This one was tricky. If you want SNORT to run as a guest, getting the port mirrored traffic to it wasn’t exactly trivial.
My Host Setup:
NIC 1: Handles all bridges and VLANs
NIC2: Dedicated to SNORT, plugged directly into mirrored port on switch.
Before we start, make sure your SNORT guest is off and the bridge interface that you want to use for packet sniffing is down. Getting the packets to flow properly requires a very specific sequence and failure to do that will only result in frustration and confusion.
First Step (on KVM Host):
Edit /etc/network/interfaces to reflect for NIC2 (eth3 in my case):
auto eth3 iface eth3 inet manual #SNORT Interface auto br3 iface br3 inet manual bridge_ports eth3 bridge_stp off
Bring up br3
I’ll need to test it, but you may ensure the host doesn’t get an address on that interface by adding in a line: address 0.0.0.0
Now, the tricky part is to get the traffic to show in the guest. On the host, just to make sure your port mirroring is working properly, do:
sudo tcpdump -i br3
You should see a ton of traffic if configured properly.

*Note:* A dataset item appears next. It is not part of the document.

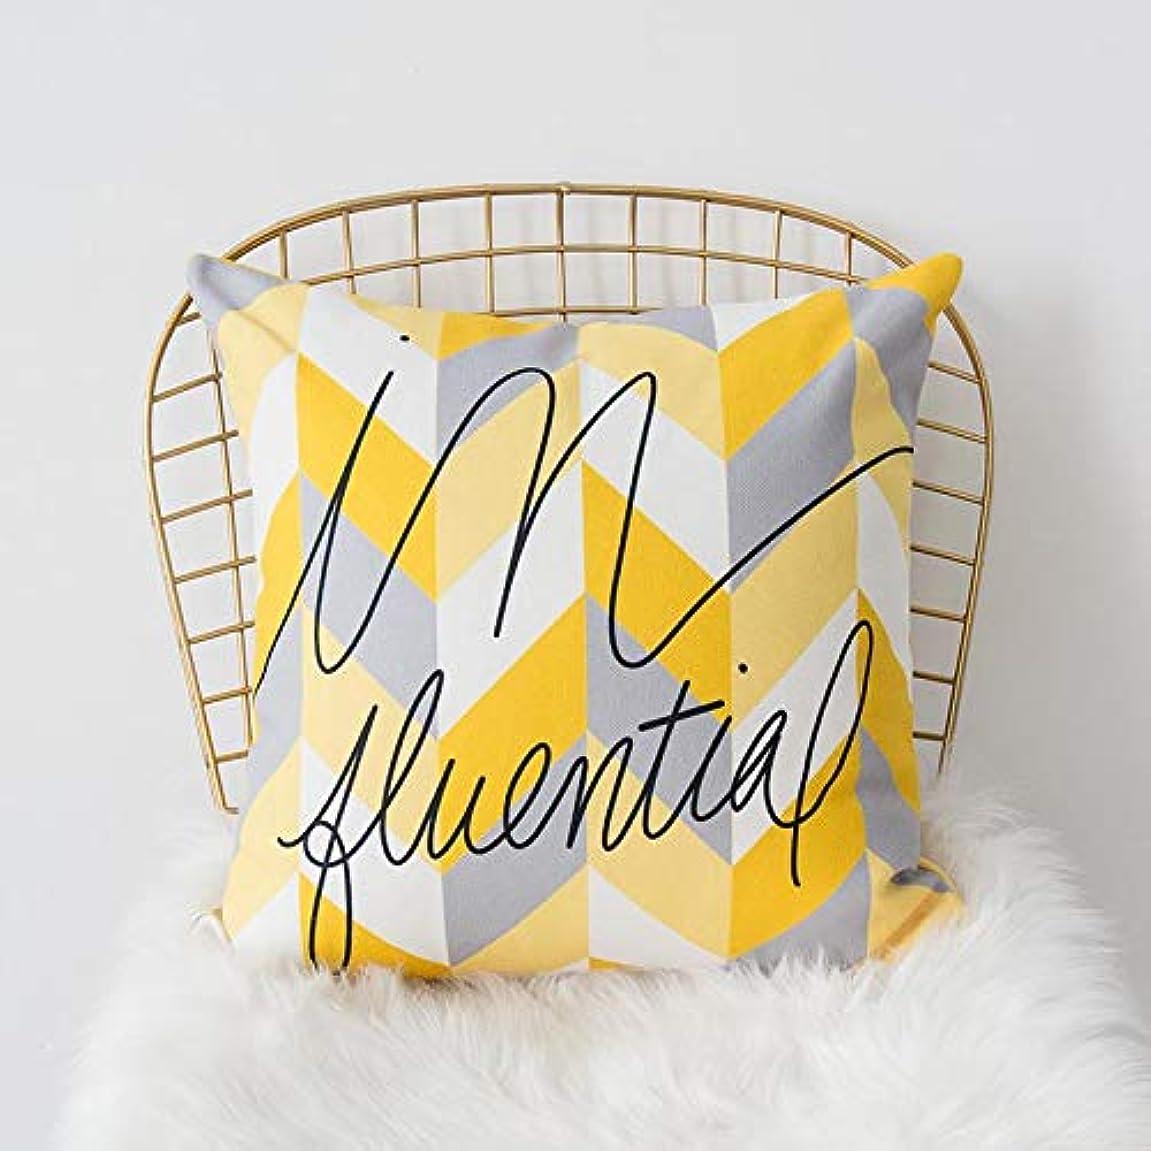 アンカー滅びるレオナルドダLIFE 黄色グレー枕北欧スタイル黄色ヘラジカ幾何枕リビングルームのインテリアソファクッション Cojines 装飾良質 クッション 椅子
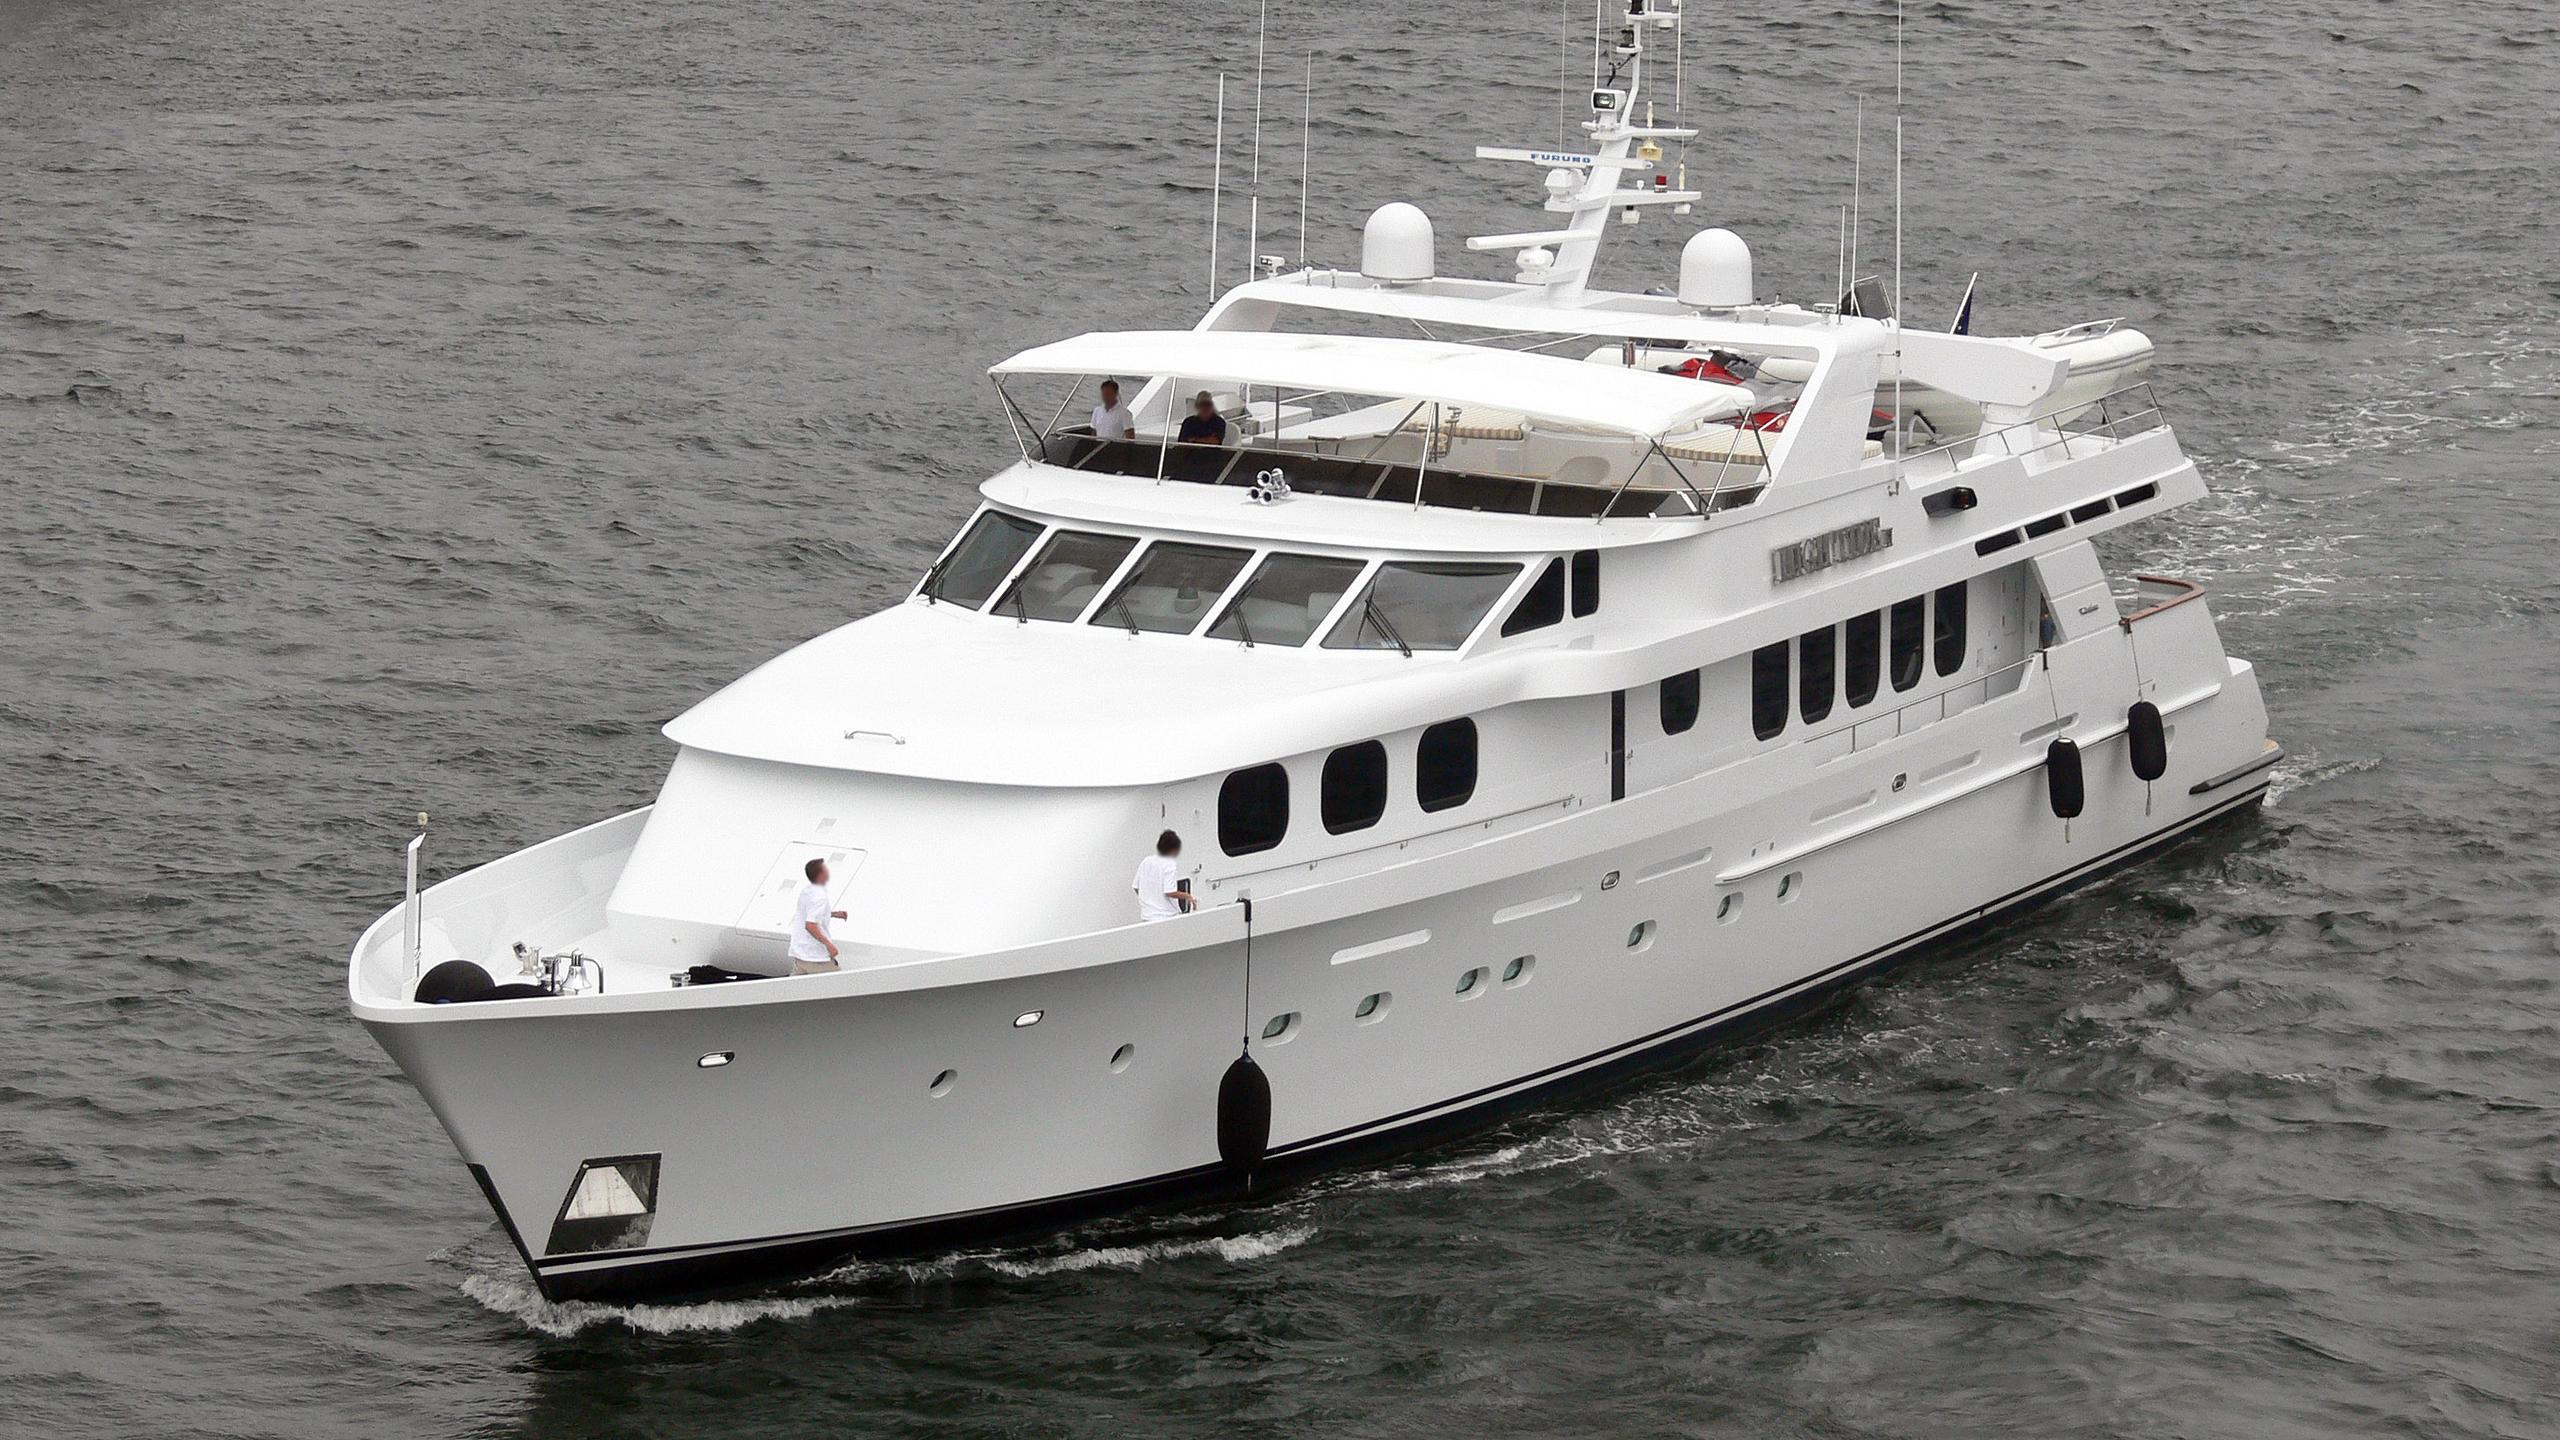 cachee-motor-yacht-christensen-1999-38m-half-profile

Now, to get the traffic not destined for the host to go to the guest (SNORT), type in:
brctl setageing br3 0 brctl setfd br3 0
Now, if you boot up your guest (it should have two interfaces), you should be able to tcpdump -i eth# and it will show the same large amount of traffic. The above is manual and will not persist across reboots.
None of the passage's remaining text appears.